Politically, the 2019 elections were a continuation of the state PDP's control as the state APC's inability to hold valid primaries led to its disqualification by a court. PDP presidential nominee Atiku Abubakar won the state by 50% and the party gained all three senate seats while also sweeping the House of Representatives elections. On the state level, the PDP also retained its House of Assembly majority and Wike won the gubernatorial election by a wide margin

Ahead of Wike's term, the aims for his second term were infrastructure, fiscal discipline, economic development, and unity. In terms of his performance, Wike was commended for infrastructural development, healthcare improvements, investments in sport, and pushing against illegal oil bunkering. However, his administration was criticized for its months-long delay in forming a cabinet, his unconstitutional declaration of Rivers as a "Christian state" and poor response to the demolition of a mosque, spending billions of naira to purchase luxury cars for lawmakers and judges, attempting to illegally ban protests during the height of the 2020 End SARS demonstrations, his perceived obsession with starting public disputes with other elected officials, the irregular payment of government salaries and pensions, and disrespecting traditional rulers. Wike also came over fire for his autocratic moves to crackdown on opposition by banning protests multiple times and most notably, when he had intraparty rival and House of Representatives member Farah Dagogo arrested and jailed for weeks to prevent him from running for governor. Another key source of controversy was his handling of the Oyigbo killings in November 2020, when Army personnel went on rampage attacks against Igbo young men in Oyigbo after five soldiers were killed by IPOB; Wike repeatedly denied any Army wrongdoing and justified the week-long military occupation of the area.

==Primary elections==
The primaries, along with any potential challenges to primary results, were to take place between 4 April and 3 June 2022 but the deadline was extended to 9 June. Leaders in ethnic groups like the Ogoni called on parties to nominate a non-Ikwerre as Ikwerres have held the governorship since 2007. Furthermore, despite making up a significant percentage of Rivers' population, no Ogoni person has ever held the governorship or deputy governorship, leading to calls for the formal zoning of party nominations to the Ogoni-majority Rivers South East Senatorial District. These calls, coupled with other claims that the governorship ought to rotate between upland and riverine areas, have led to pressure on parties to nominate someone from riverine areas or more specifically, Ogoni-majority areas. However, no major party has yet closed their primaries to candidates from the other districts. While neither major party formally zoned their nominations, both the APC and PDP nominated politicians from riverine areas.

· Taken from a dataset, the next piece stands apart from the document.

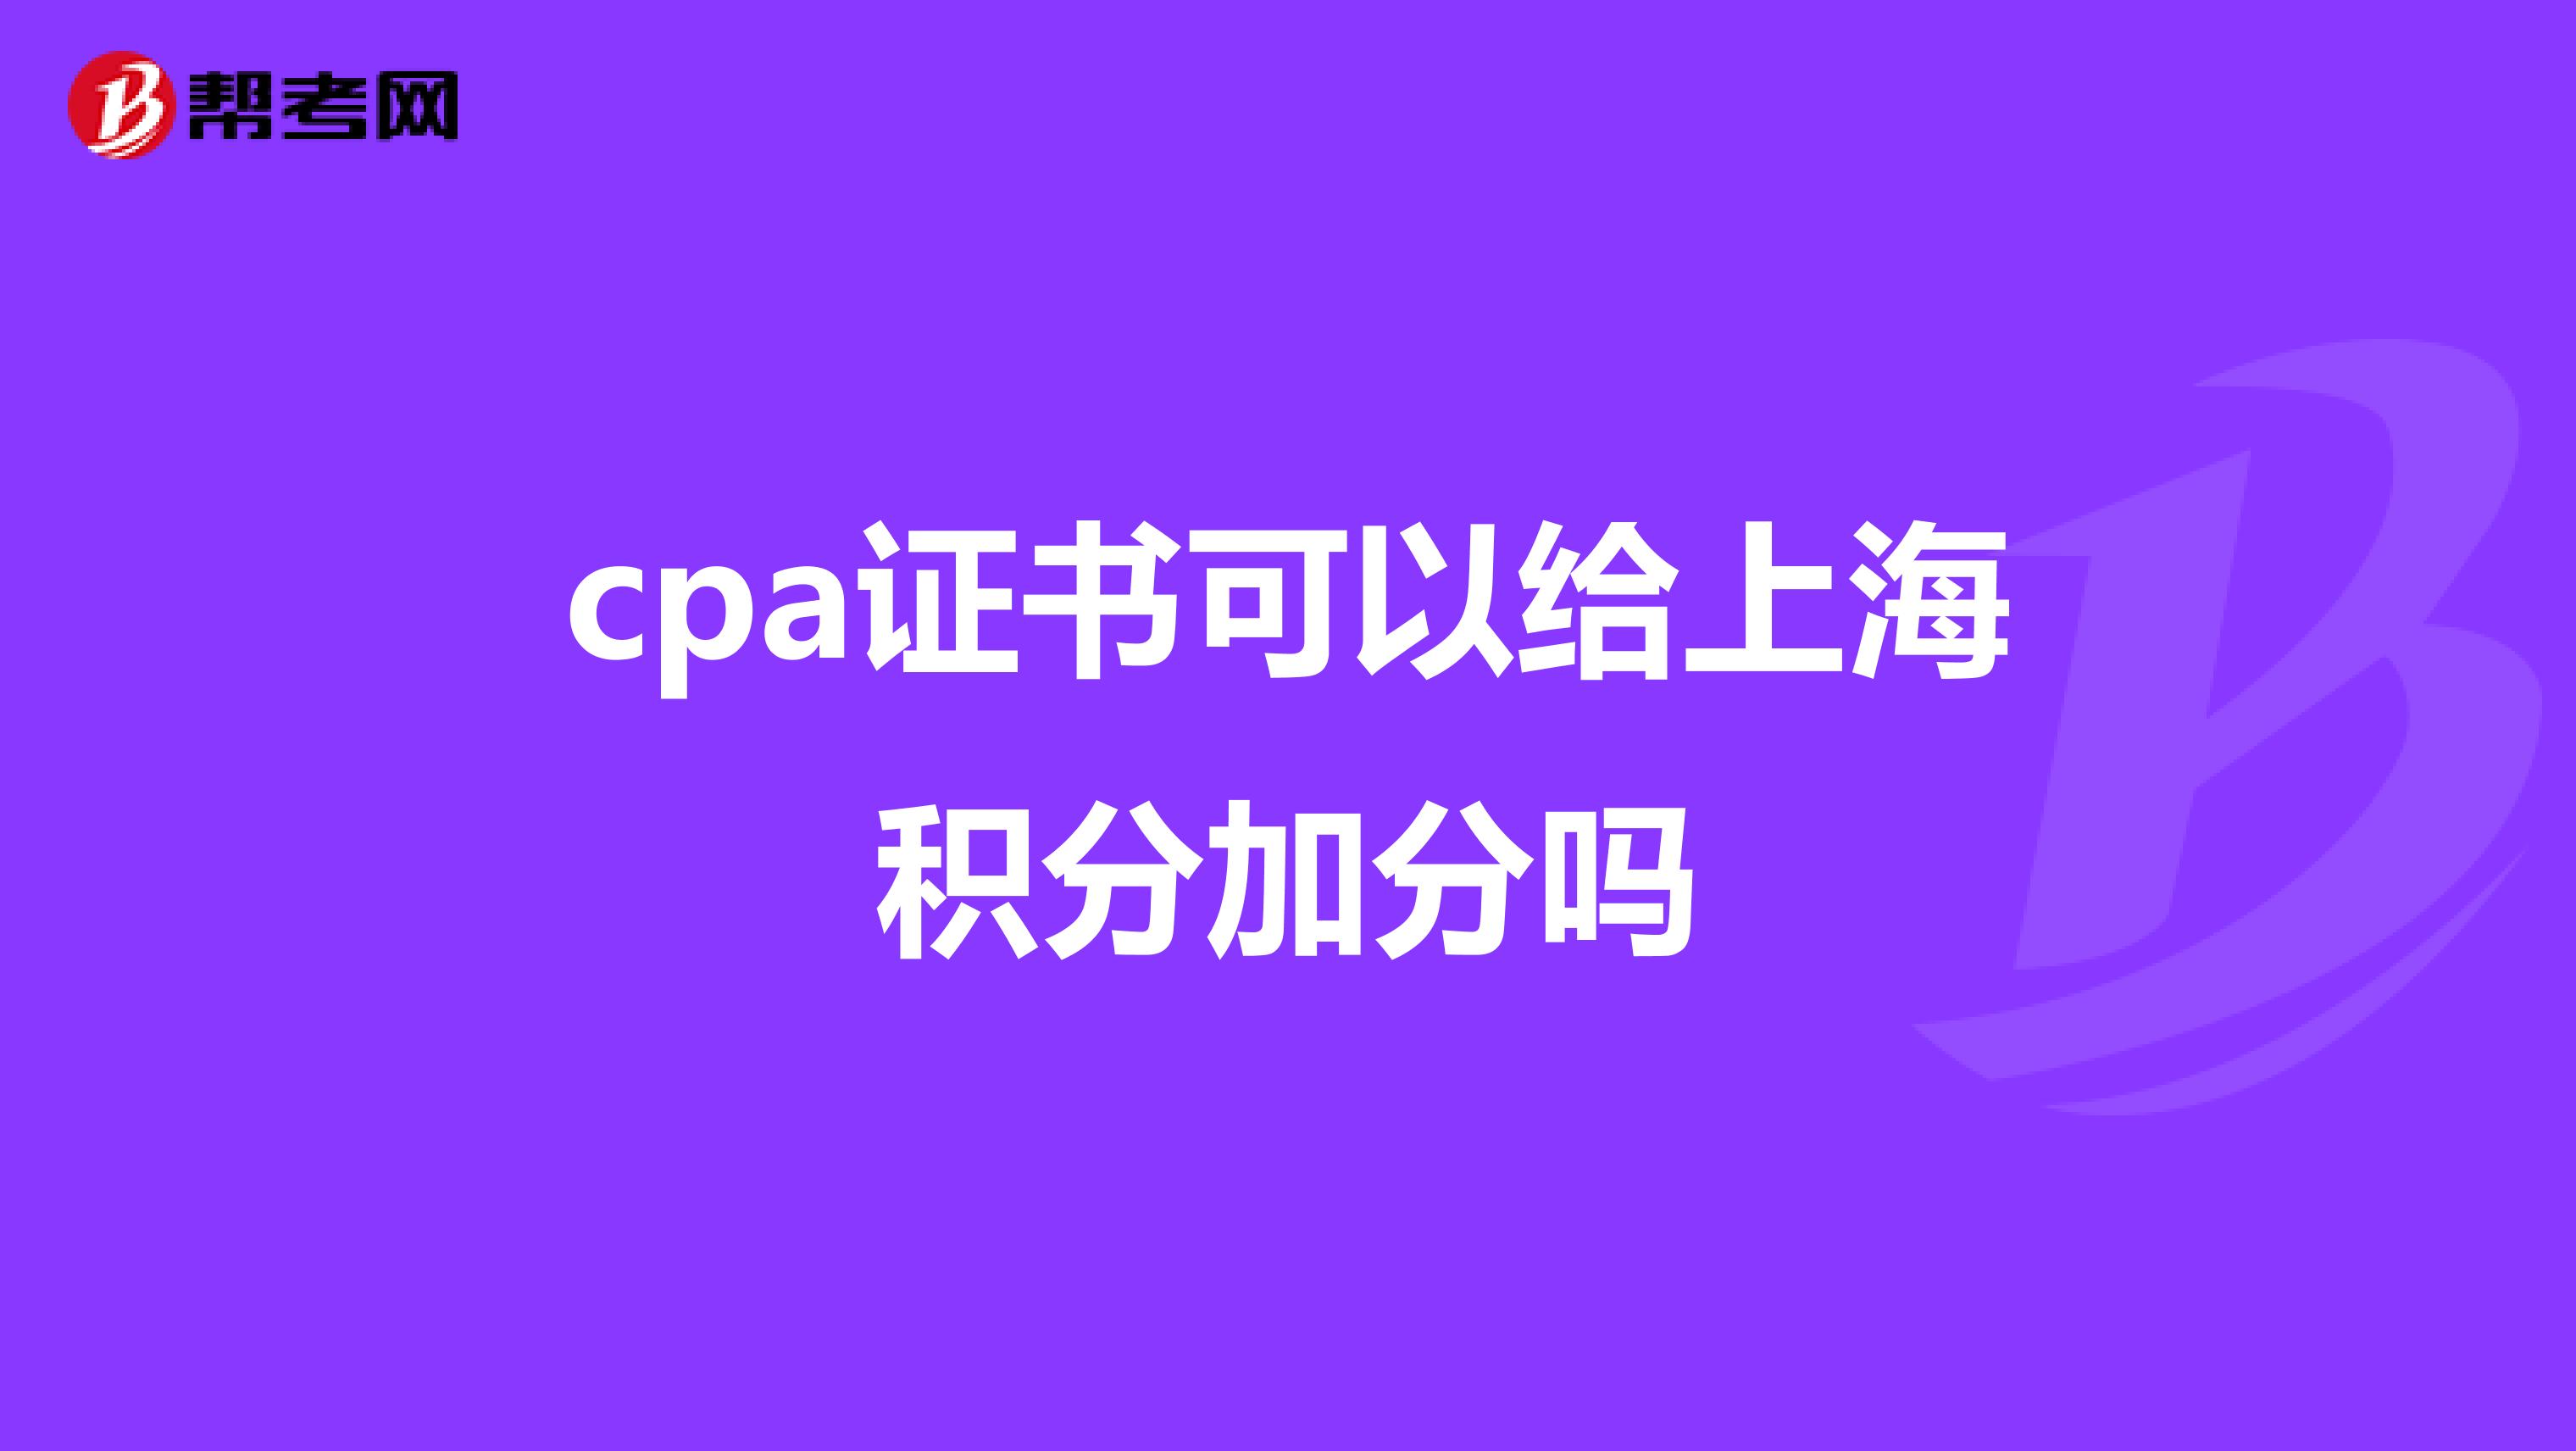 cpa证书可以给上海积分加分吗

=== All Progressives Congress ===
The long-running dispute between former governor and federal Minister of Transportation Rotimi Amaechi and former senator Magnus Abe which led to the Rivers APC's disqualification in 2019 continued ahead of the primary as their factions held separate party congresses and elected different leadership in 2021; national APC leadership later accepted the results of the Amaechi-supported congress as legitimate. As an extension of the party crisis, there were disputes in the Rivers APC over the prospect of zoning the gubernatorial nomination as Amaechi was in favor of zoning to the South East while Abe fought against making a formal zoning decision. By April 2022, it was clear that the party rift had not been bridged as Amaechi and his allies met to select a "consensus party nominee," settling on Tonye Cole who would have been the APC nominee in 2019 if the party was not disqualified. While some aspirants agreed to the arrangement and dropped out, Abe and his allies made it clear that they did not recognize Cole as the party's choice with an Abe-aligned politician deriding Cole as simply "a business associate of" Amaechi. There were also protests from others within the party that decried the opaque process and the choice of Cole as he has never held elected office and supposedly lacks political structures in the state. Despite the objections, the party confirmed Cole as its consensus pick; although the press release noted that since the meeting was not a formal party process, Cole was not formally the party nominee. However, the party backing of Cole did not resolve the controversy as more candidates questioned the pick and its process.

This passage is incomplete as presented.